A combination of Bolsonario’s racist views and his praise of the military dictatorship that overtook Brazil in 1964 leads many to believe that Bolsonaro is a neo-fascist. He is openly racist, which upsets the very racially diverse communities in Brazil. A video surfaced in which Bolsonaro called a congresswoman “too ugly to rape” in 2014, angering many; it is evident that Brazil has failed in electing a leader that will fight for the rights of every citizen.
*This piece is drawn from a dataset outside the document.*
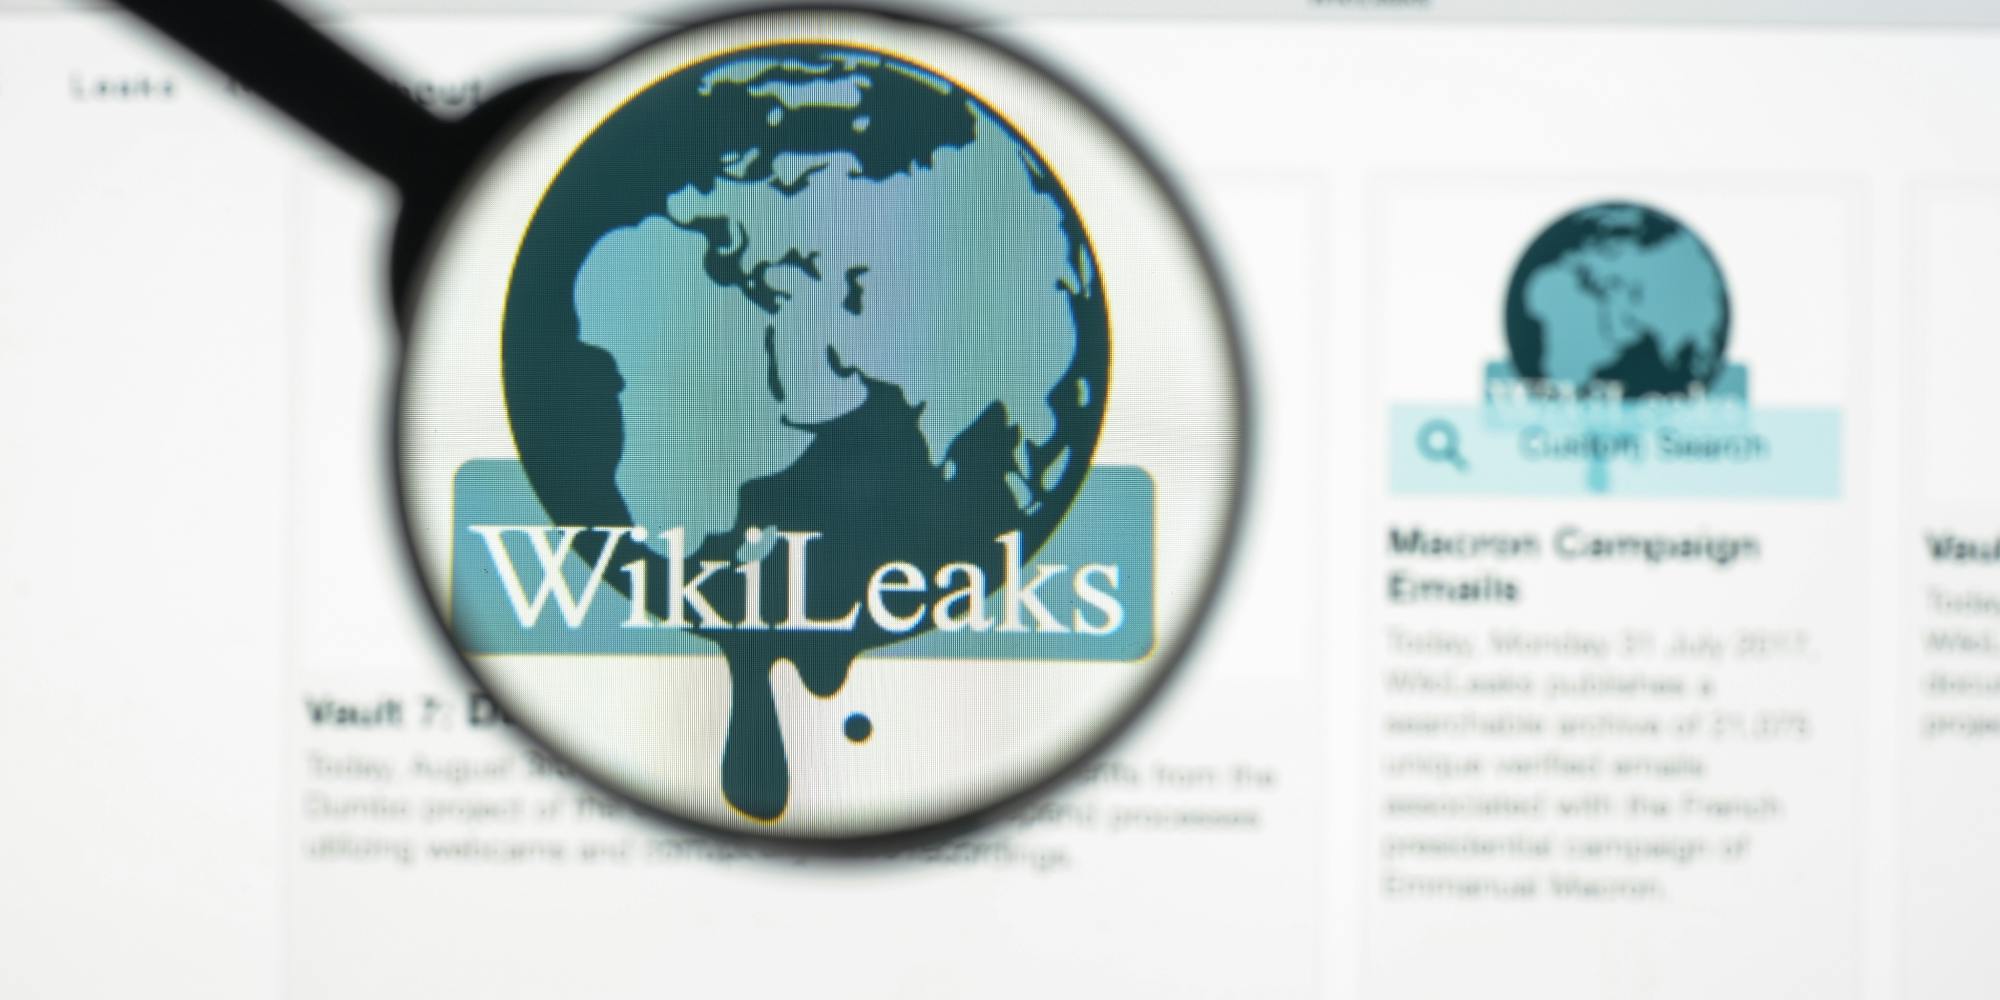 WikiLeaks is struggling to stay online as millions of documents disappear

Not only will the far-right president elect not support the citizens of his country, but he is also looking to make profit off of Brazil’s natural resources by abusing them. Bolsonario aims to reduce the area of the Amazon and instead use the land for agriculture. This brings up the debate of economy versus environment in a country that bases most of its economy on natural resources. Following in Donald Trump’s footsteps, Bolsonario has also suggested the possibility of Brazil pulling out of the Paris Climate Agreement. This suggests that the world will be moving further away from global cooperation aimed at improvomg current climate conditions.

Despite all these negative aspects of Bolsonario, his opponent is not exactly what Brazil needs either. As a member of the PT, many feared that Brazil’s economy would not improve. He served as the mayor of Sao Paolo, and, while popular, his political affiliation weighed him down. The voters who would not have originally supported a candidate who threatens citizens’ basic human rights were left with no choice; between the well being of their country and their personal well being, the citizens spoke up clearly in favor of their nation.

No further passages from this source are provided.